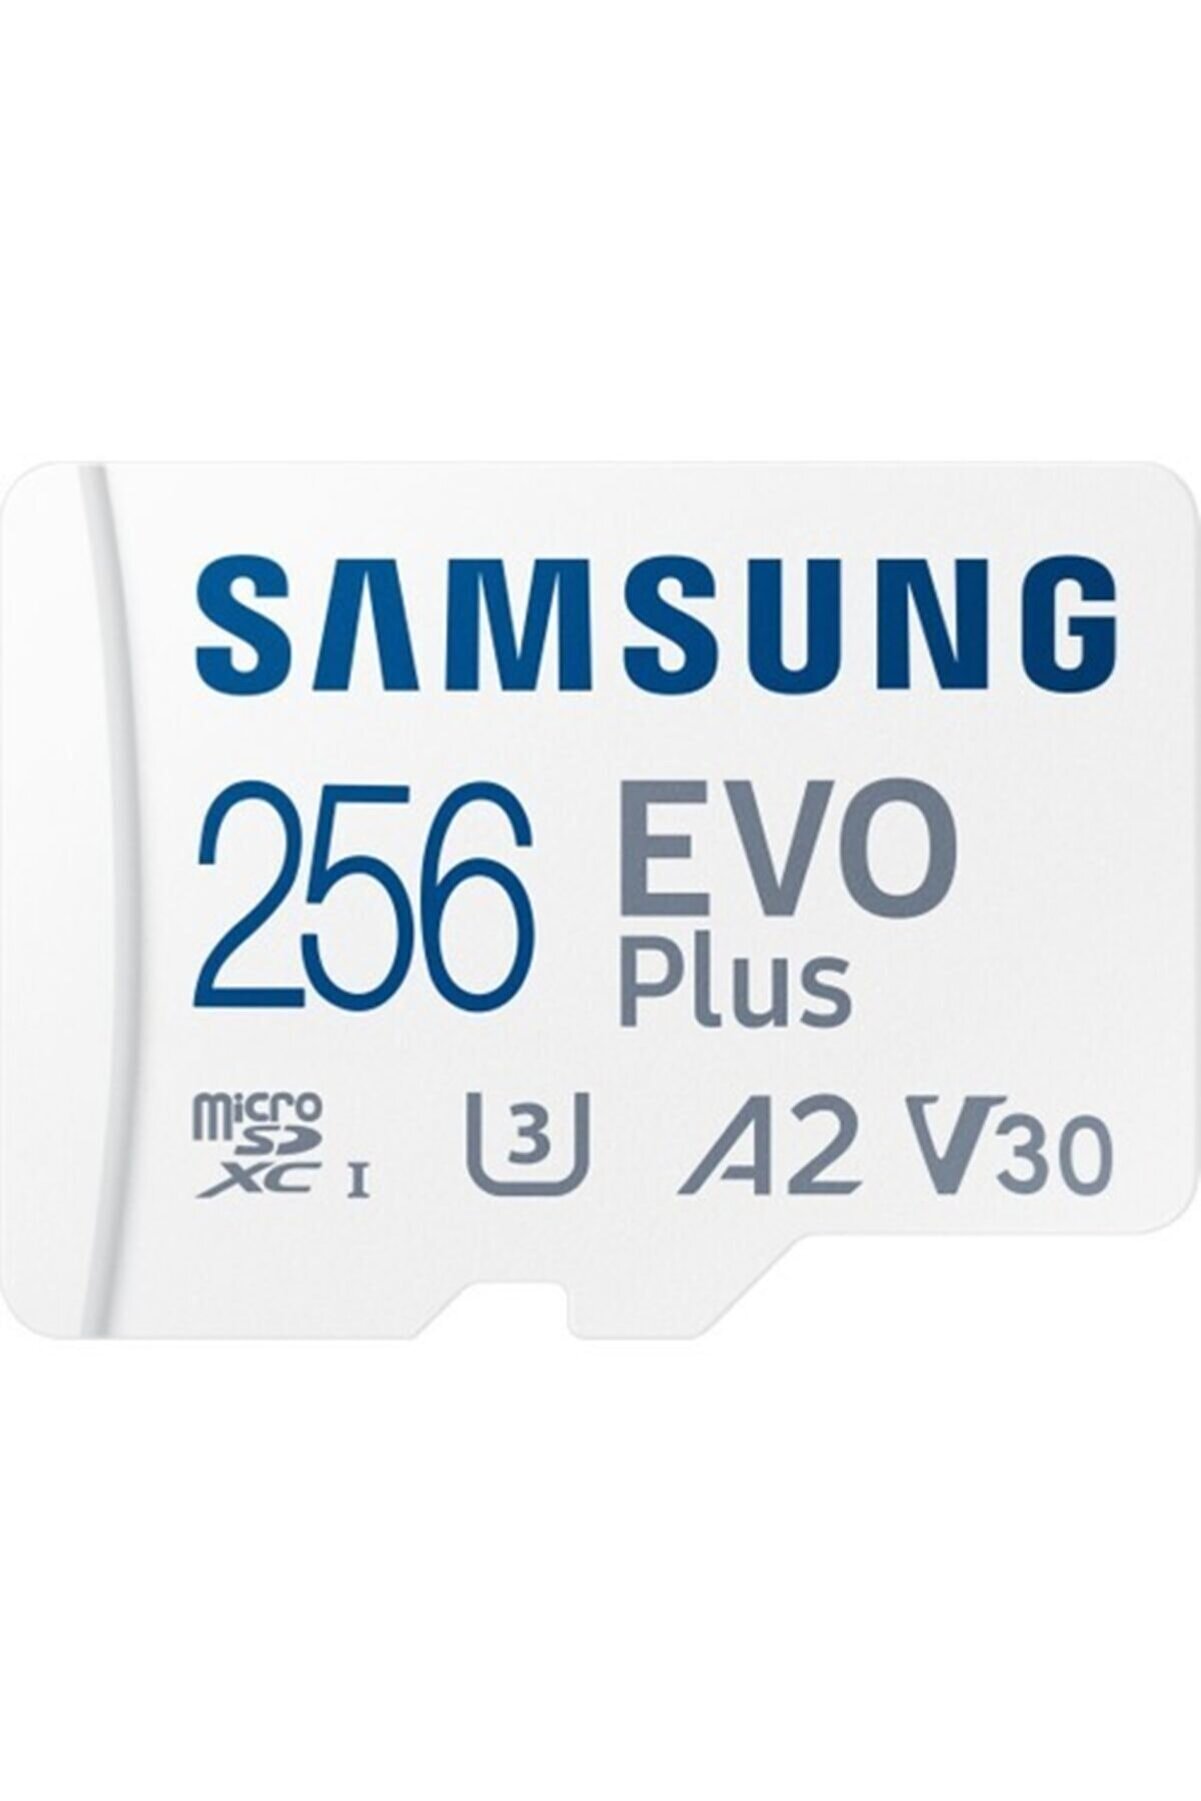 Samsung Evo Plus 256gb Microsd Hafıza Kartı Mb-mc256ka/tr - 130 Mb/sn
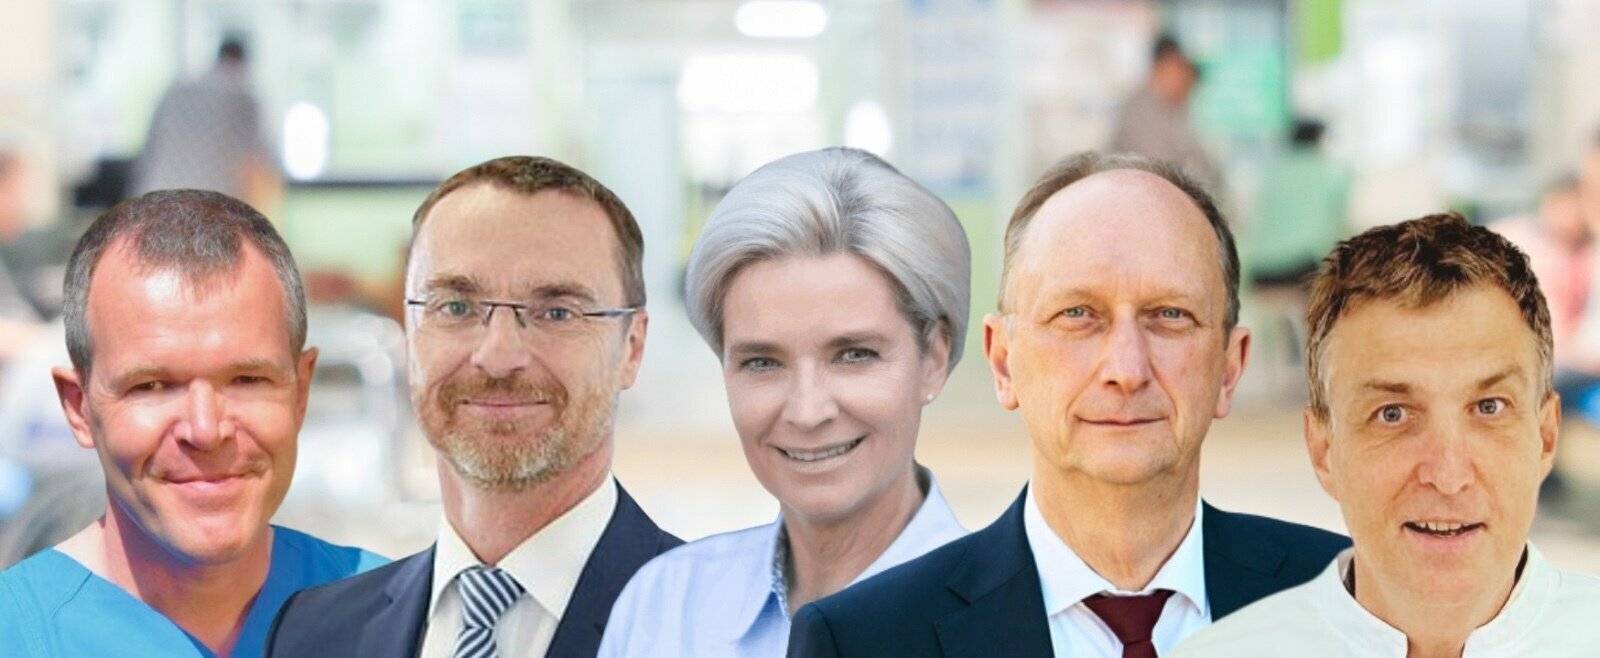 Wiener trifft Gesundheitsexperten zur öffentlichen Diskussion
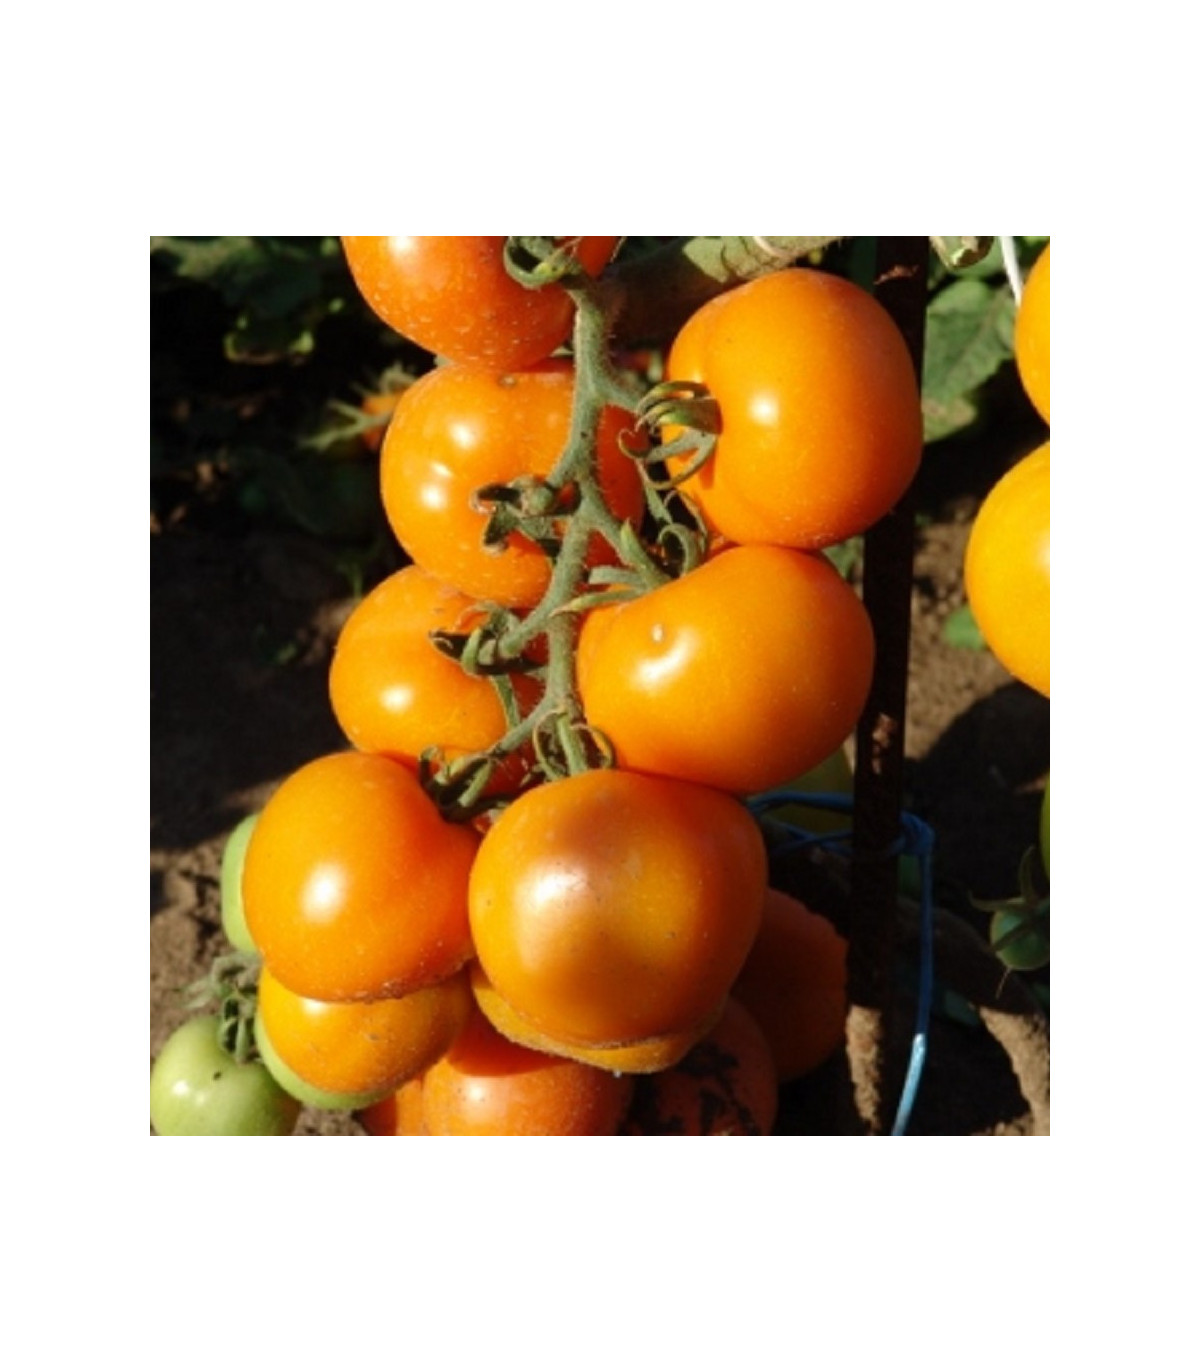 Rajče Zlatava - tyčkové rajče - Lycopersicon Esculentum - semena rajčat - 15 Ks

**What needs to be done:**
Omit the pictures, then copy out all the data exactly as it stands.

**Expected output:**
 Samsung Evo Plus 256gb Microsd Hafıza Kartı Mb-mc256ka/tr - 130 Mb/sn
 Wiener trifft Gesundheitsexperten zur öffentlichen Diskussion
 Rajče Zlatava - tyčkové rajče - Lycopersicon Esculentum - semena rajčat - 15 Ks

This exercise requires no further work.